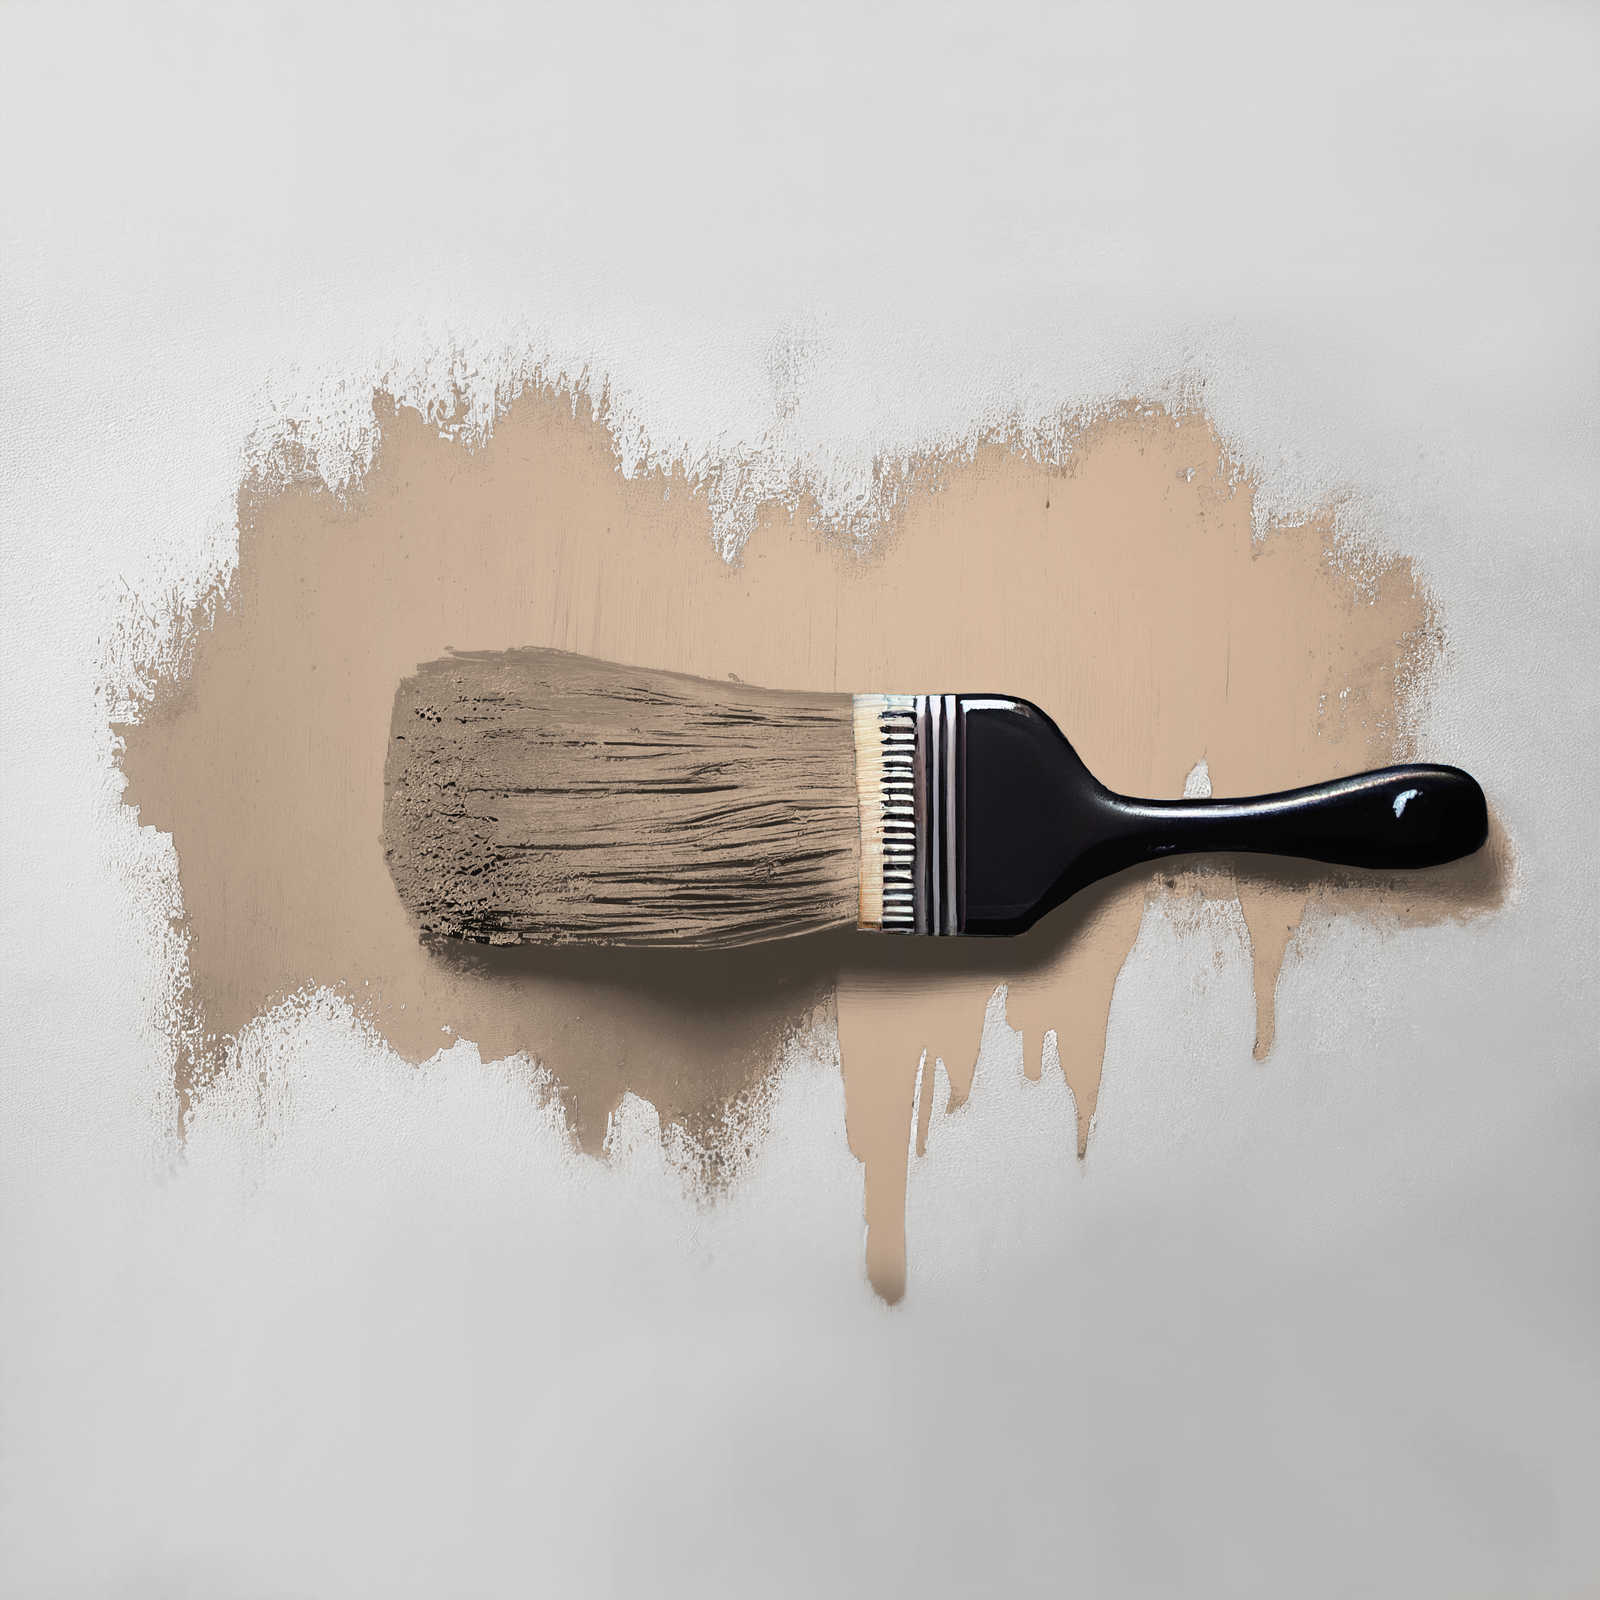             Pintura mural TCK6010 »Latte Macchhiato« en beige natural – 2,5 litro
        
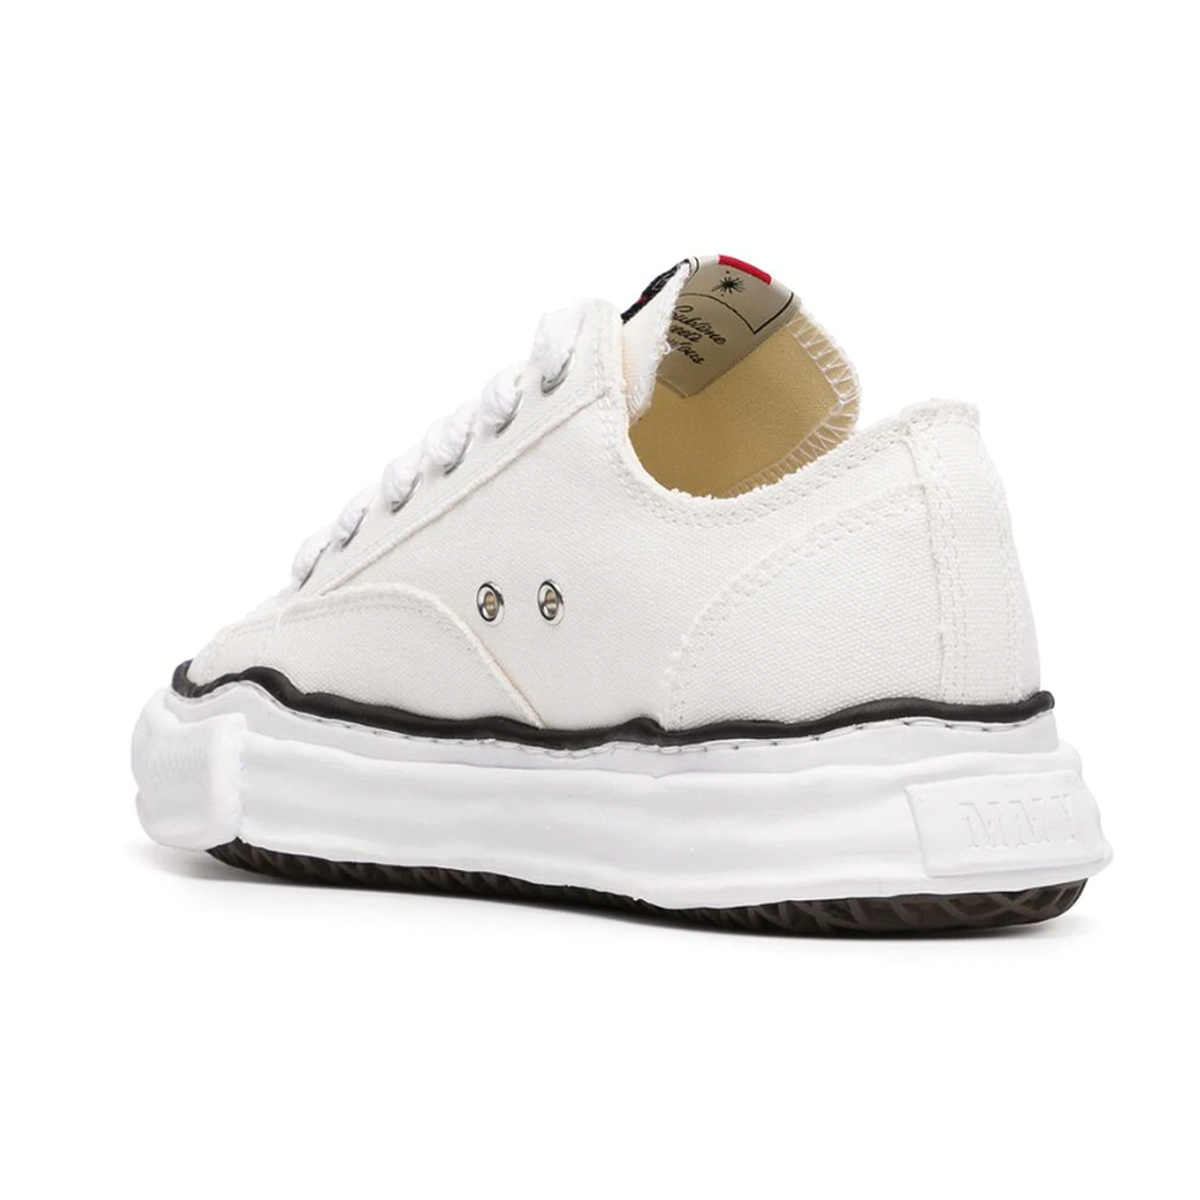 Maison Mihara Yasuhiro "Peterson" White Sneakers
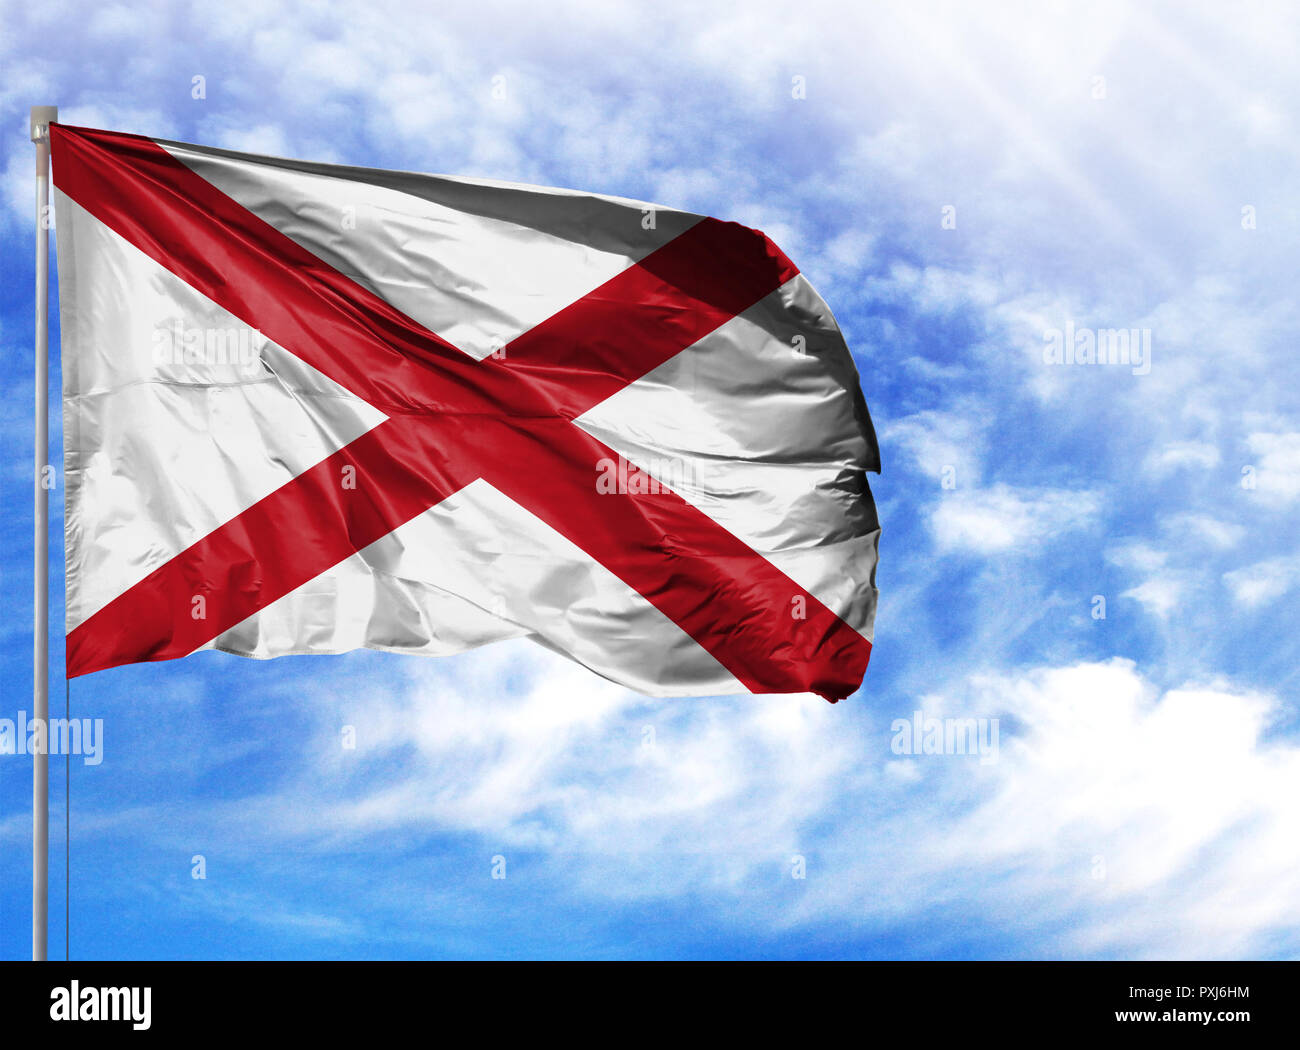 Flagge Alabama Auf Einem Fahnenmast Vor Blauem Himmel Stockfotografie Alamy
◆ ◆ ◆ ◆ ◆ ◆ ◆
* **ABOUT THIS EXERCISE**:
Every line of the data above should be returned exactly, with the pictures removed.

* **TASK SOLUTION**:
             Pintura mural TCK6010 »Latte Macchhiato« en beige natural – 2,5 litro
        
 Maison Mihara Yasuhiro "Peterson" White Sneakers
 Flagge Alabama Auf Einem Fahnenmast Vor Blauem Himmel Stockfotografie Alamy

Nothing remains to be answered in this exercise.